Granger was aroused from some very uncomfortable imaginings by Spurling, who, touching him on the elbow, exclaimed in surprise, "Why, it isn't me; it's you they're after!"
Then, when he received no answer, he asked, "What is it that you have done?"
It was Cain accusing Judas with a vengeance.
"Done! I've done nothing," Granger exclaimed, pushing him aside; "Robert Pilgrim is mistaken."
"That's what we all say, until we are forced to own up."

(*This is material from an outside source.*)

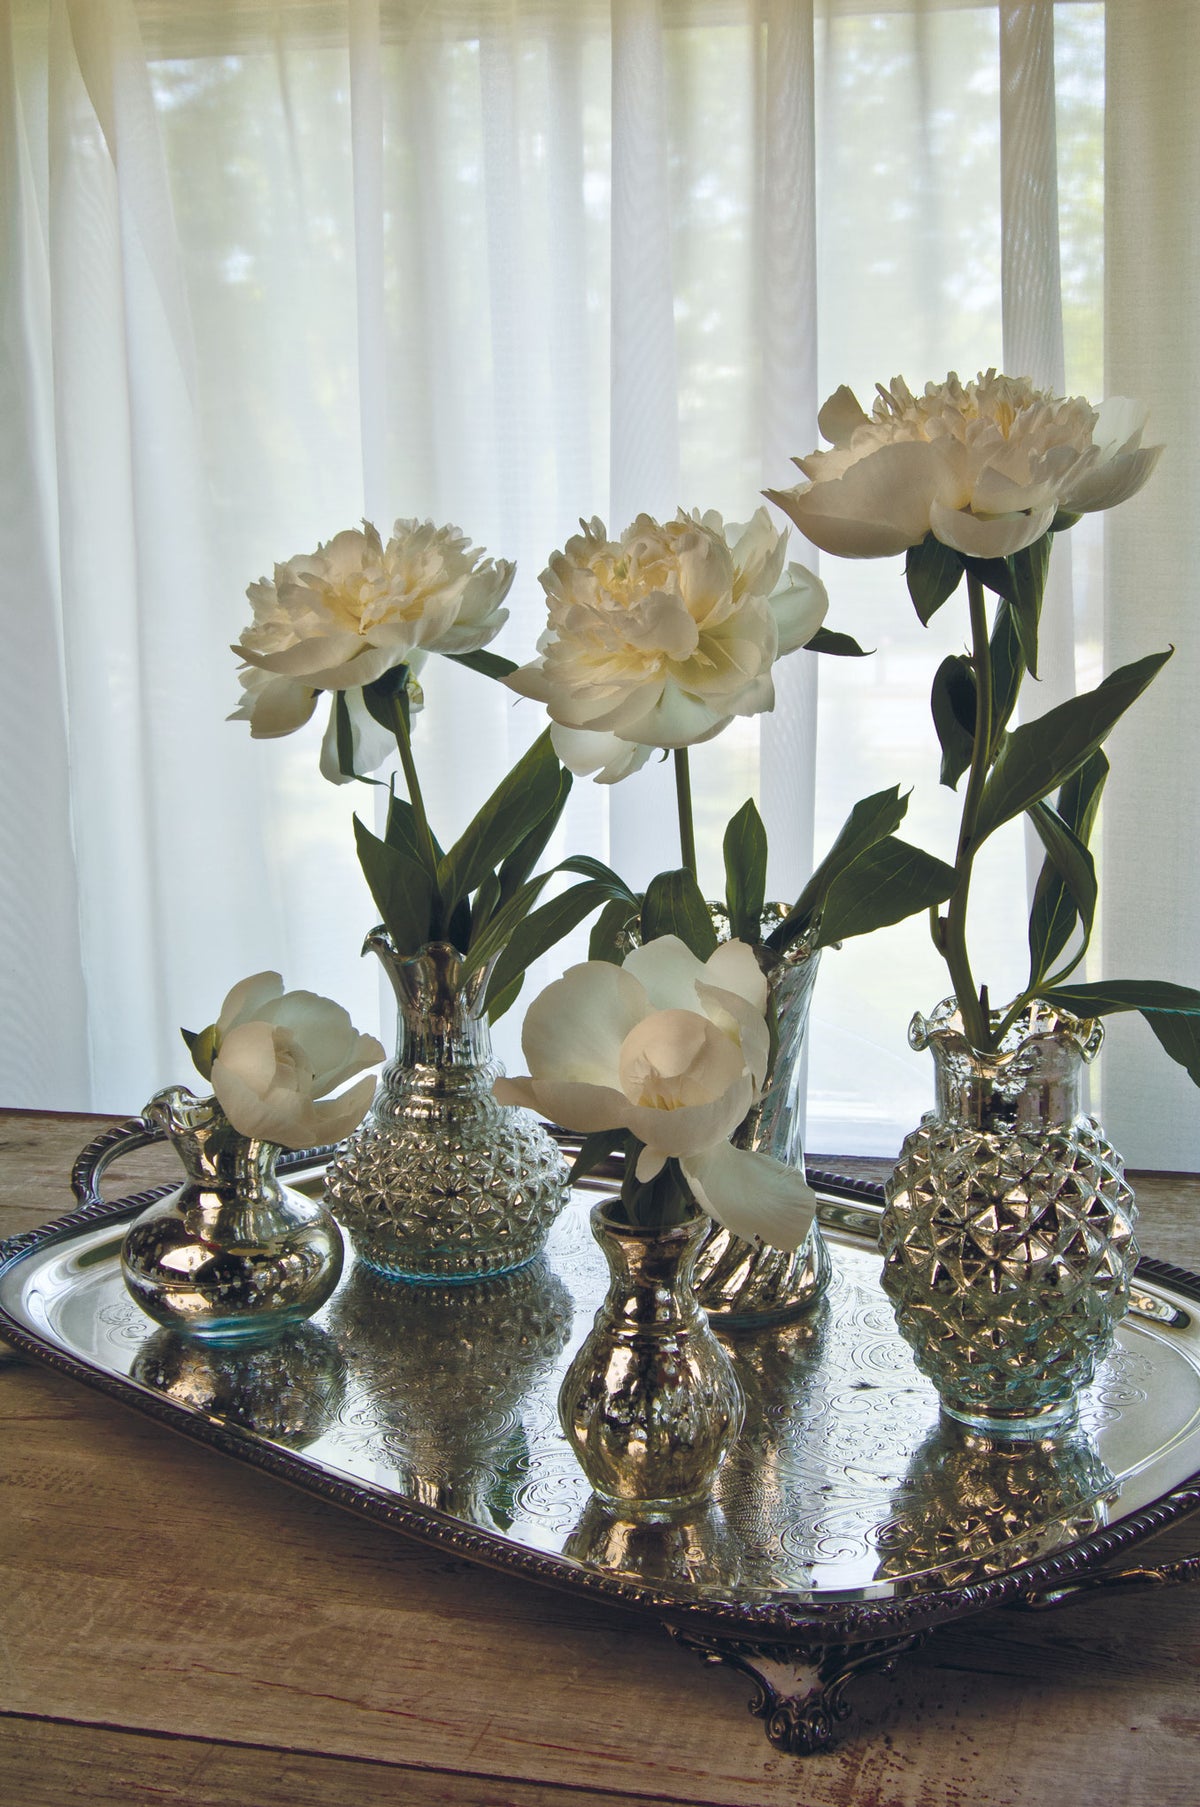 2 PACK | Vintage Mercury Glass Vase (4-Inch, Bernadette Mini Ribbed Design, Silver) - Decorative Flower Vase - PaperLanternStore.com - Paper Lanterns, Decor, Party Lights &amp; More

But Granger was not listening to what Spurling said; he was tortured with the truth of one sentence which he had heard that night. "If he didn't actually kill him, it wasn't for lack of the desire." How had Robert Pilgrim guessed that? As he himself had confessed to Strangeways, he had been tempted at first to let him go on his way unwarned, and take his chances of falling through the ice. Eventually he had cautioned him, but so late and in such a manner that his words had only had the effect of skilfully forwarding his earlier base intention. If he had not actually killed him, it was not for lack of the desire. And by how much was he superior to this man, crouching at his side, whom he had so often condemned and had again condemned that night?

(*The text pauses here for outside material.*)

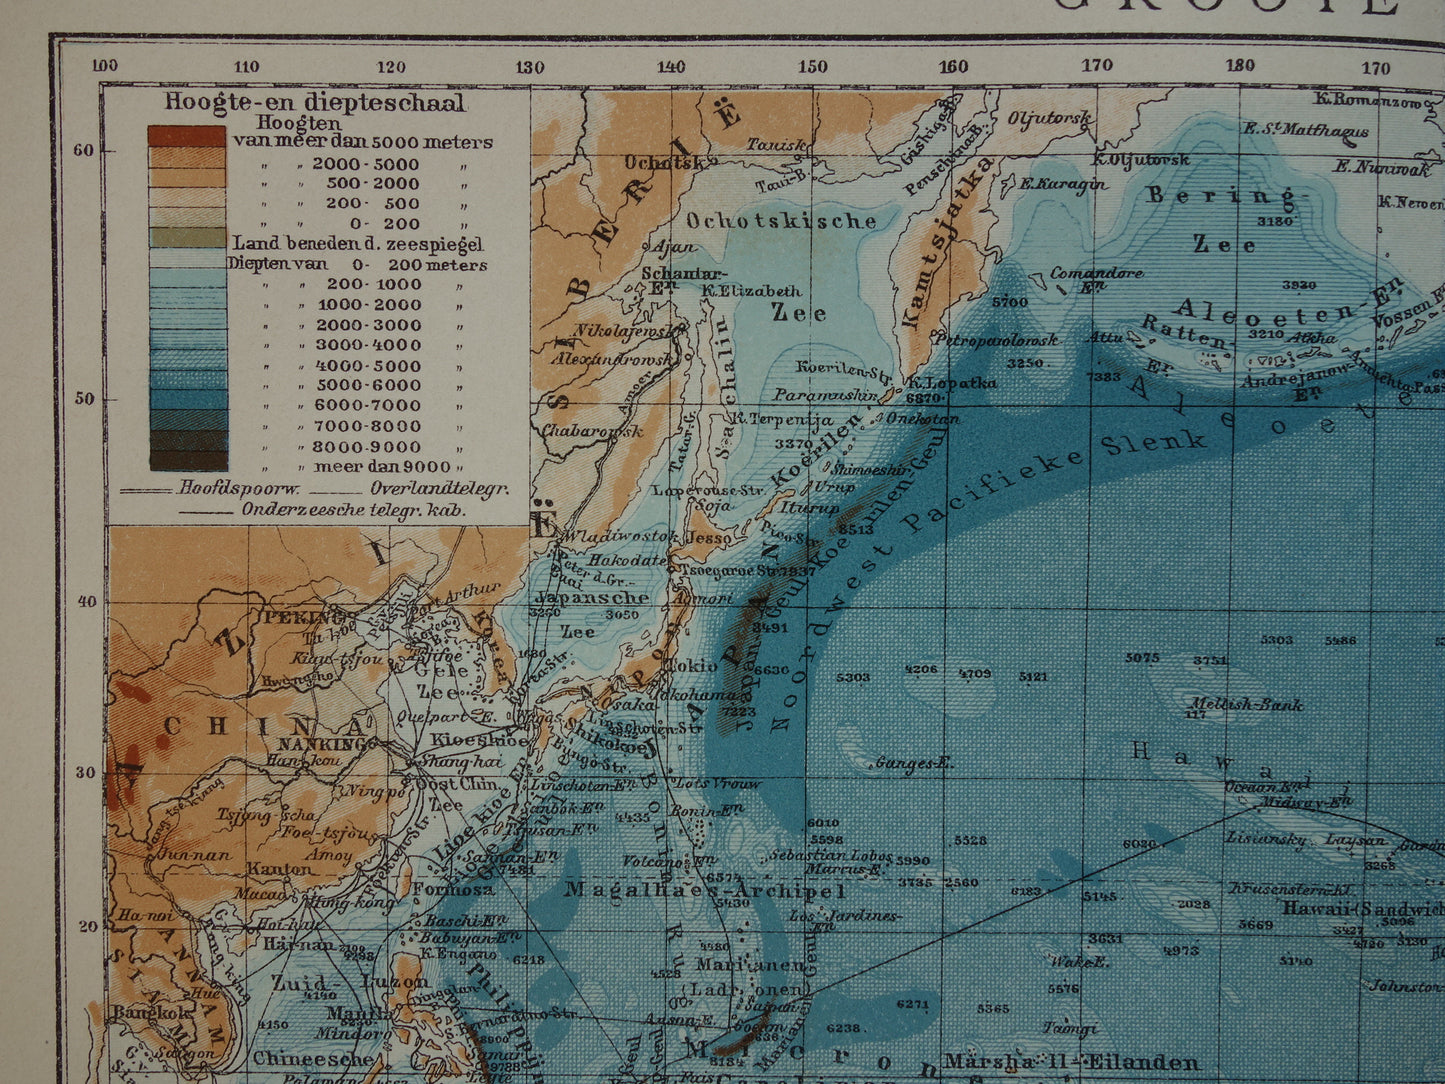 Oude kaart van de Grote Oceaan Originele 105+ jaar oude antieke Nederlandse landkaart Pacific

Spurling answered that question for him. Rising to his feet and stretching his cramped arms and legs, he remarked, "Well, of course, if you won't take me into your confidence, there's nothing more to be said. If you don't want to tell me, I won't trouble you by asking again; but it seems to me that we're both in the one boat now."
This new sense of equality with his companion, though it was only an equality in crime, had suddenly brought about a change for the better in Spurling. He carried himself freely, in the old defiant manner, and had lost his attitude of cringing subservience. At first Granger had it in his heart to hate him for the change, knowing, as he did, that it arose from an unhesitating acceptance of this chance-heard, unproved assertion of his own kindred degradation. But soon the hatred gave way to another emotion, which, perhaps, had its genesis in a memory of those earlier days, when this man had been willing to stand between him and the world. In gazing upon him, looking so big and powerful, he was comforted with a sense that his misery was shared. A latter-day writer has wisely recorded, "I have observed that the mere knowing that other people have been tried as we have been tried is a consolation to us, and that we are relieved by the assurance that our sufferings are not special and peculiar. In the worst of maladies, the healing effect which is produced by the visit of a friend who can simply say, 'I have endured all that,' is most marked."
And it was this consolation which Granger now began to experience in Spurling's presence.
Though the separate circumstances which lay behind their common accusation were utterly different, the one man being innocent of the infamy wherewith he was charged and the other guilty, their danger was the same.